Sunday, April 16, 2017

Pride is Prejudice...finally in print.

Been trying to get these thoughts published in some form for the longest time...literally since Obama was campaigning for the presidency. Even my usual editors were disinclined to touch the piece, given that it's both politically incorrect and very much out of tune with the tenor of the times. But if anything, the piece is more relevant than ever today, as never before (in my lifetime) have we been been so unapologetically focused on identity politics, groupthink and the like (which is, of course, the implicit target of the piece).

The editors cut one line: "Practically and logically speaking, what is the difference between your pointing to the number of blacks in the NBA and my pointing to the number of blacks in prison?" At first I was sad to see it go, but in retrospect it only muddies the waters...and would be seen by some as so inflammatory that it overshadows the rest of the essay. My editor said the point is better made obliquely, and I now agree. 

Curious to hear what anyone thinks. I'm obviously way behind these days, as this piece ran in USAToday on April 1, but the times have been a mostly good way, however. 

I have some more interesting stuff upcoming soon, FWIW.


Jenny said...

Where is your audience? I miss the days when your blog comments were many, even with fur and feathers flying. ;)

I really love this article and can definitely relate to being encouraged by family members to take great pride in our heritage. Well, looking at my family tree, I do see some troubling patterns and especially instances of people being proud of things that didn't turn out so great for other people. (Settling on land formerly occupied by native Americans, for example.)

Steve Salerno said...

Ahh, dear Jenny, we are a long, long way from the SHAMblog of old, I fear. I am eternally grateful for the stalwarts such as yourself, but let's face it, this will never again be the vibrant meeting place/forum it once was. For one thing, no one wants to think critically anymore; people just want to lecture and condemn and vituperate and defend their respective tribes (said tribalism being no small part of why I wrote this piece). Nuance is unpopular. We live in a binary, black-and-white (literally) world.

Sharona said...

Steve, you said "defend their respective tribes". I agree, and I was wondering if you think that people are also doing that because they miss having a true connection with a "tribe"?

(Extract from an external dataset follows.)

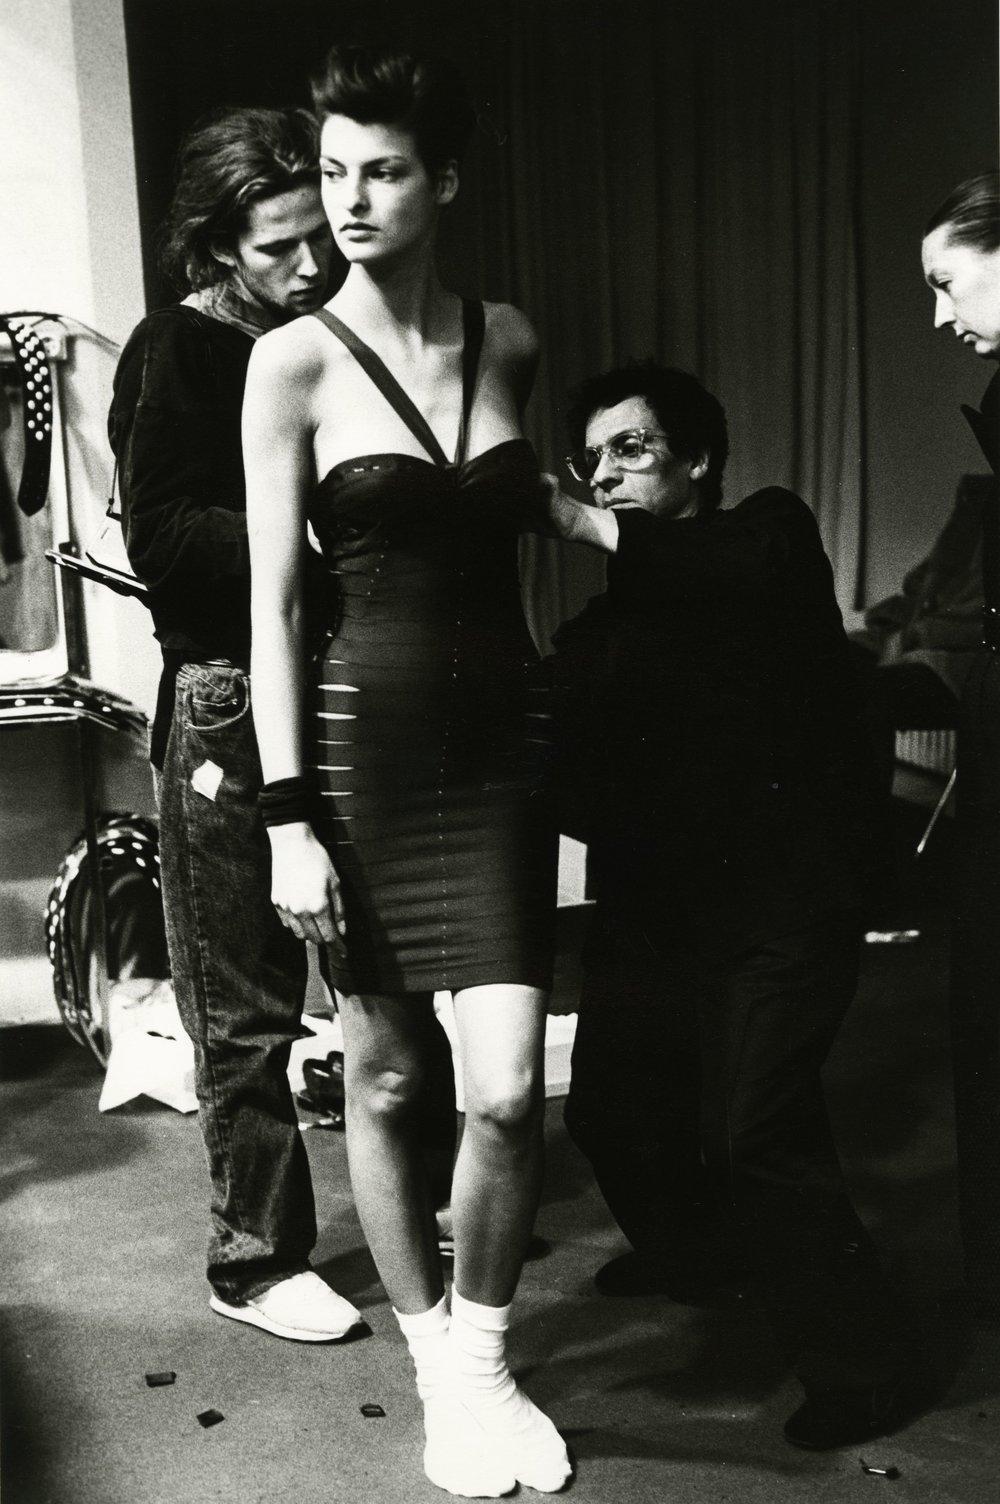 Linda Evangelista and Azzedine Alaïa, 1990. Courtesy of Sante D'Orazio.

I have a coworker who just joined Crossfit because he's looking for a group of people to workout with and make some friends. The thing is, (two things actually) 1. Crossfit costs about 125.00 a month to workout in their "special" gym, and 2. They encourage each other to do dangerous things to their bodies. Also, it seems like a lot of people are very proud of their online Tribes (Facebook, Reddit, etc.) It's interesting that people in America want to see themselves as BOTH an individual and part of a tribe that practices groupthink for good or ill, no questioning allowed. (sorry for the ramble)

Steve Salerno said...

Welcome aboard, Sharona. Your comment about the schizoid duality of wanting to be BOTH tribal and individualistic reminds me of two groups of people, Goth teenagers and hipsters. Members of both groups proclaim themselves rebels and individuals--and yet all look exactly the same as everyone else in their tribe.

I see this phenomenon also in much of self-help: people say they want to learn to get in touch with their "essential selves," and yet if you talk to folks who have immersed themselves in the popular programs (e.g. Byron Katie's, etc.), they all think and talk the same. What they've actually done is surrender their true self, not fully actualize it.

Anonymous said...

You think you're pretty clever but your motives are transparent. This is a clear swipe at black pride. Especially since I read the tweet pinned to your twitter page. Where do you come off telling people who have been oppressed by a racist society for centuries that they're not entitled to take pride in their racial achievements or their culture. Let me ask you Who do you think YOU are?

Cosmic Connie said...

Nuance may be unpopular, but we need it, and I say this as one whose views on her own blog (and on social media) are generally anything but nuanced. I think that awareness and appreciation of one's ethnic heritage -- which can be challenging if that history has been suppressed -- must be balanced with a realization of how that heritage fits into the larger culture, the "melting pot." And it has always been difficult to achieve that balance, and is perhaps even more difficult today, given the current white nationalist backlash. (I hasten to add that I do not consider you part of this backlash. I'm talking about Bannon et al.)

I don't think that awareness and celebration of one's heritage is necessarily equivalent to "embracing the logic of the bigot." That said, I do think that the overall message in your essay is valid. And I respectfully disagree with the April 29 Anon who accused you of motives that I don't think are there. I've been reading your writings for eleven years, and I think I know where your heart is.

Steve Salerno said...

Well, Connie, if you know where my heart is, that makes one of us. ;)

Good to see your name pop up on a comment. I miss you and the old days.


Sharona said...

Let's make "new Days" !!!!

Cosmic Connie said...

I'm with Sharona on that one. Our blogs may have been dormant but they're not dead!